The prevalence of persistent PCS is difficult to determine because of the variability in the definition and the criteria used to diagnose. In some studies, the incidence ranged from 5% to 15% [2,3,4], while, in others, it could be as high as 58% [8]. A recent systematic review of studies reporting persistent symptoms of PCS in adults found prevalence estimates ranging from 7% to 58%, with the overall pooled prevalence being 32% (95% CI: 24–41%) [9].

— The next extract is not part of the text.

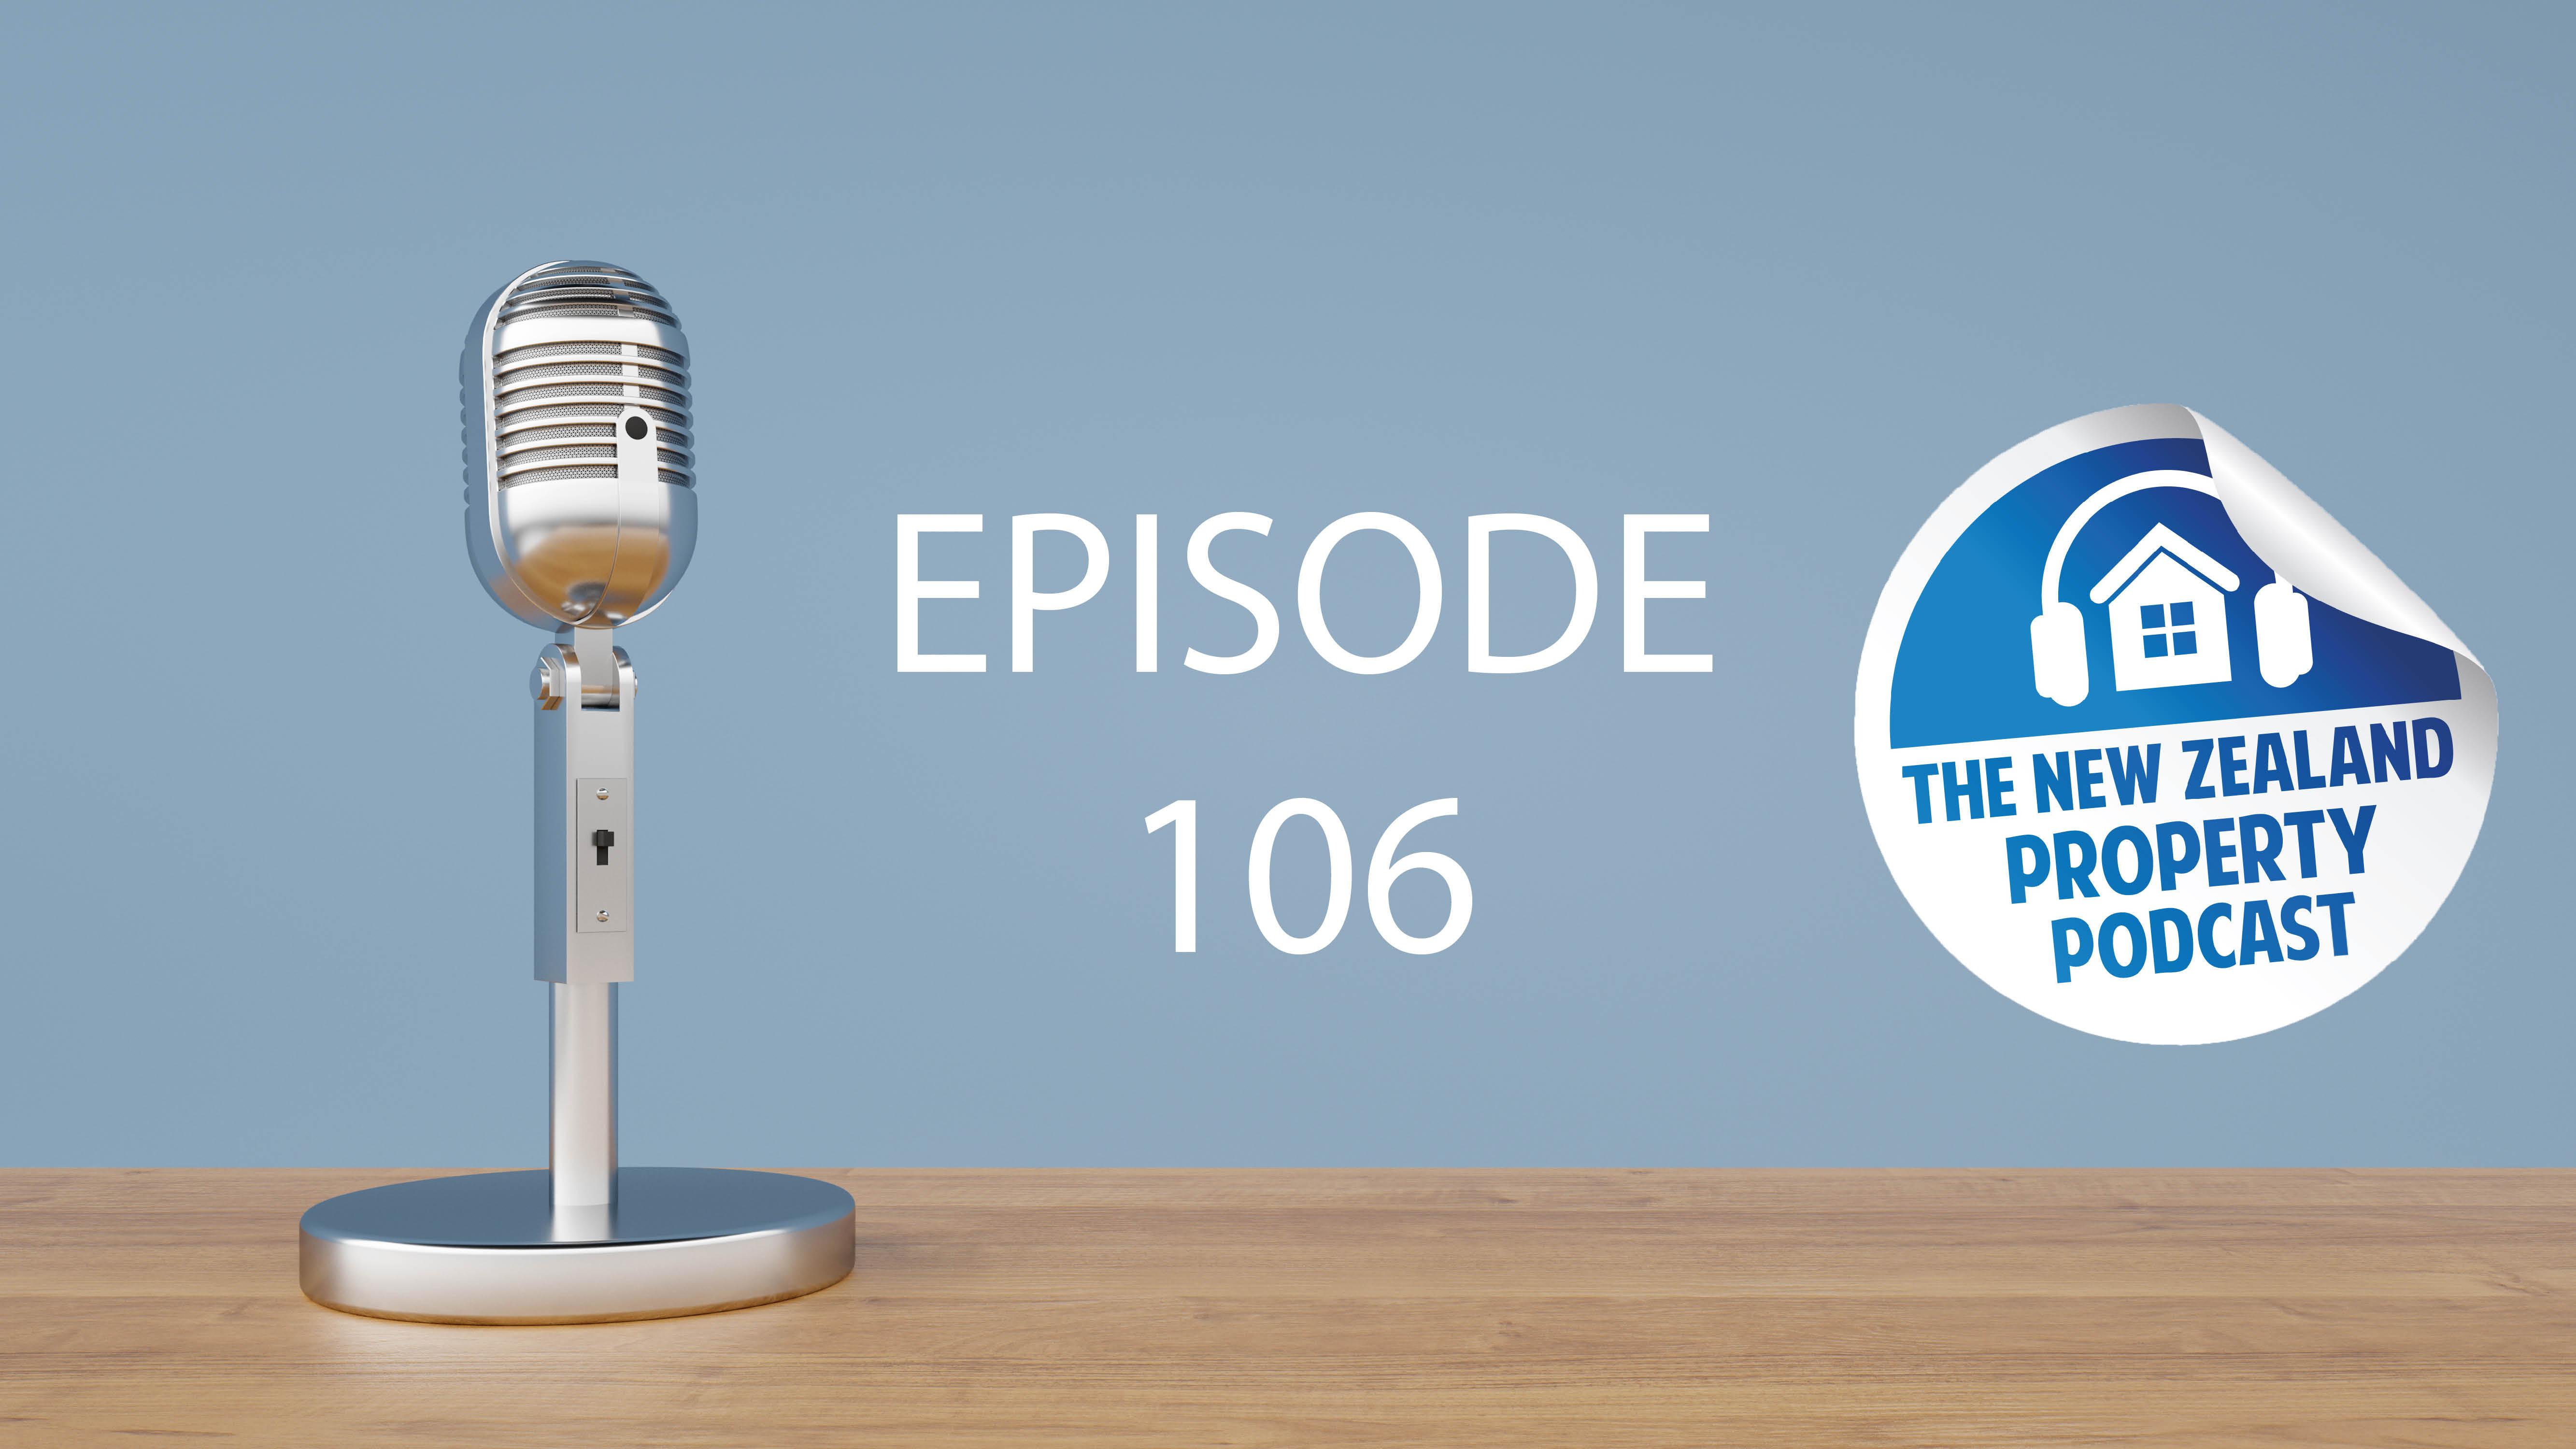 New Zealand Property Podcast Episode 106

The pathogenesis of persistent PCS is unclear. Nevertheless, it is believed to be a complex interaction of structural and functional brain changes, genetic predisposition, psychosocial factors, and healthcare solutions [11]. Studies have suggested that the pathophysiology of persistent PCS may differ from that of acute and subacute PCS [11,12,13]. Functional neuroimaging (single-photon emission computed tomography [SPECT], positron emission tomography [PET], and functional magnetic resonance imagining [MRI]) have documented persistent areas of decreased blood flow, decreased glucose metabolism, and decreased functional activity, particularly in the prefrontal and limbic regions of the brain [14,23,24,29,30,31]. These findings may represent a chronic state of decreased activity or chronic compensatory efforts and may have implications for cognitive, affective, and behavioral function [32,33]. However, these findings are not specific to PCS and may also be found in other medical and psychiatric disorders.
A psychogenic contribution to persistent PCS is suggested by the high prevalence of comorbid depression, anxiety, and post-traumatic stress disorder (PTSD) in patients with persistent PCS [34,35,36]. Psychological factors may contribute to the persistence of symptoms through negative beliefs about recovery, increased vigilance for symptoms, illness behavior, and a focus on physical rather than emotional or cognitive symptoms [37,38].

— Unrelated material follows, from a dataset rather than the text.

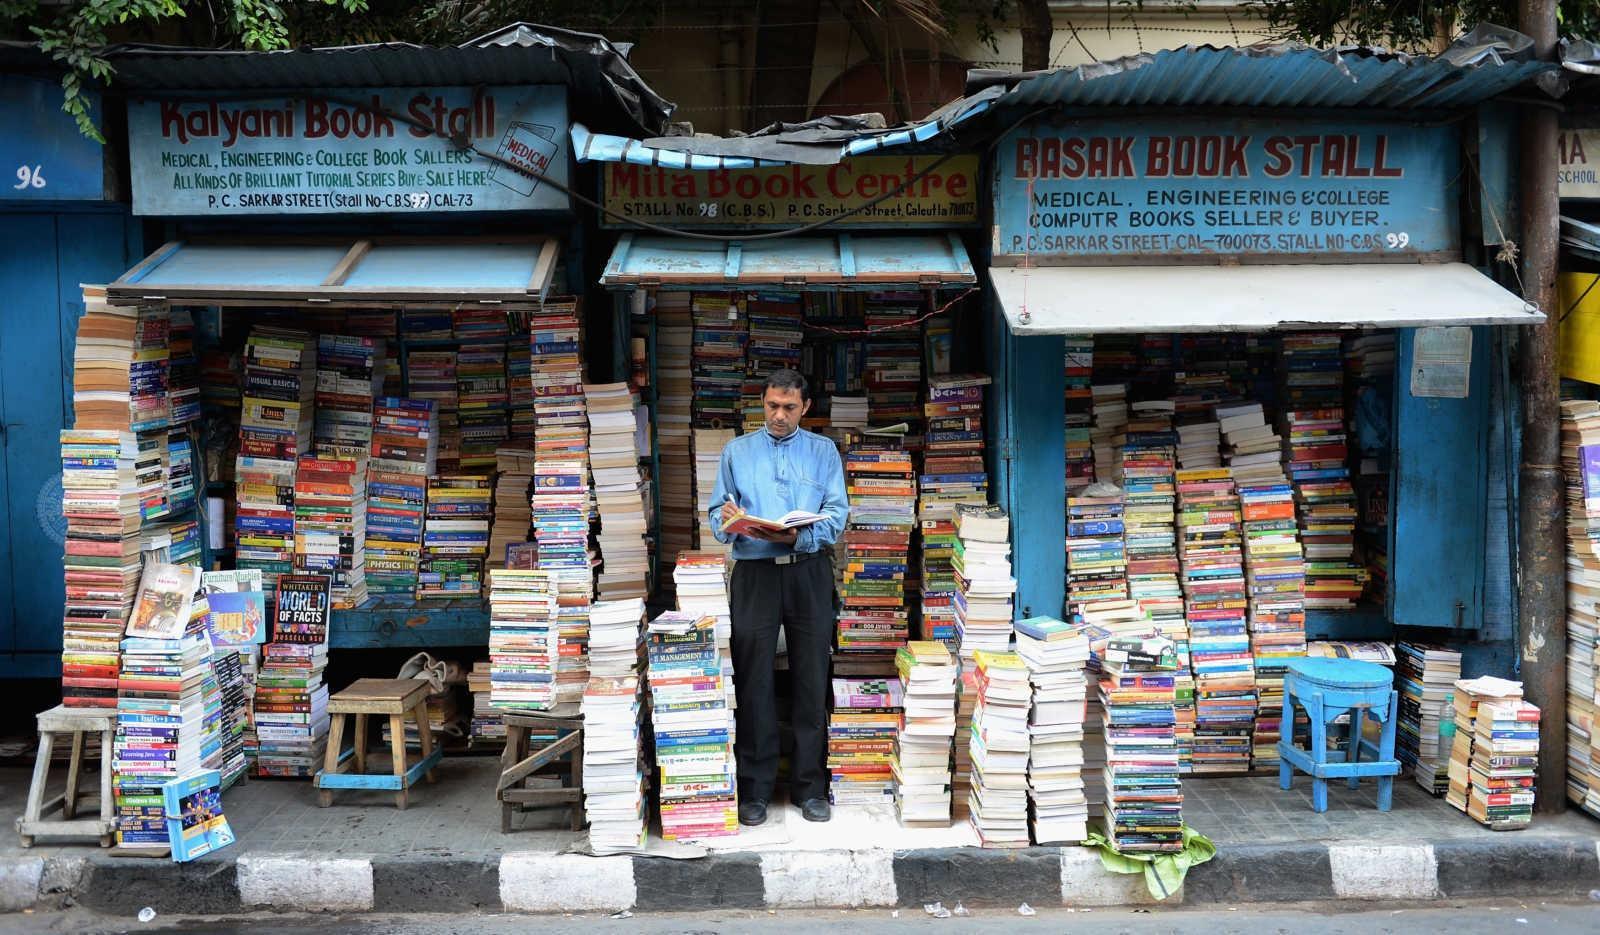 Cơn ác mộng của ngành xuất bản Ấn Độ Ảnh 2

Sociocultural factors, such as litigation, compensation, and social support may also contribute to the persistence of PCS symptoms [39,40,41,42]. Patients with financial compensation claims, particularly those involving litigation, are more likely to have persistent symptoms [43,44]. However, it is unclear whether the litigation causes the persistence of symptoms or whether patients with persistent symptoms are more likely to pursue litigation [45].
Other factors that may contribute to the persistence of PCS symptoms include a history of prior head injury, genetic factors, female sex, older age, and the severity and type of the initial injury [46,47,48]. Patients with persistent PCS are more likely to have had a prior head injury, and the presence of a prior injury may be a risk factor for persistent symptoms after subsequent head injury [49,50]. However, some of the risk factors that were already reported overlap with some physiological traits, such as sex-associated muscle strength and endocrine regulation. In this context, it was suggested that females generally experiment headaches more frequently than men. Thus, the fact that female sex is reported as a risk factor for developing persistent PCS symptoms could be associated with sexual endocrine monthly regulation or muscular particularities and may not contribute to the similarity between persistent PCS and FNDs. However, several recent studies found that mTBI could lead to pituitary dysfunctions [51,52,53,54] that could further increase the risk for developing persistent headaches [55]. In this context, further studies should aim to study the implication of these aspects in diagnosis of persistent PCS [56].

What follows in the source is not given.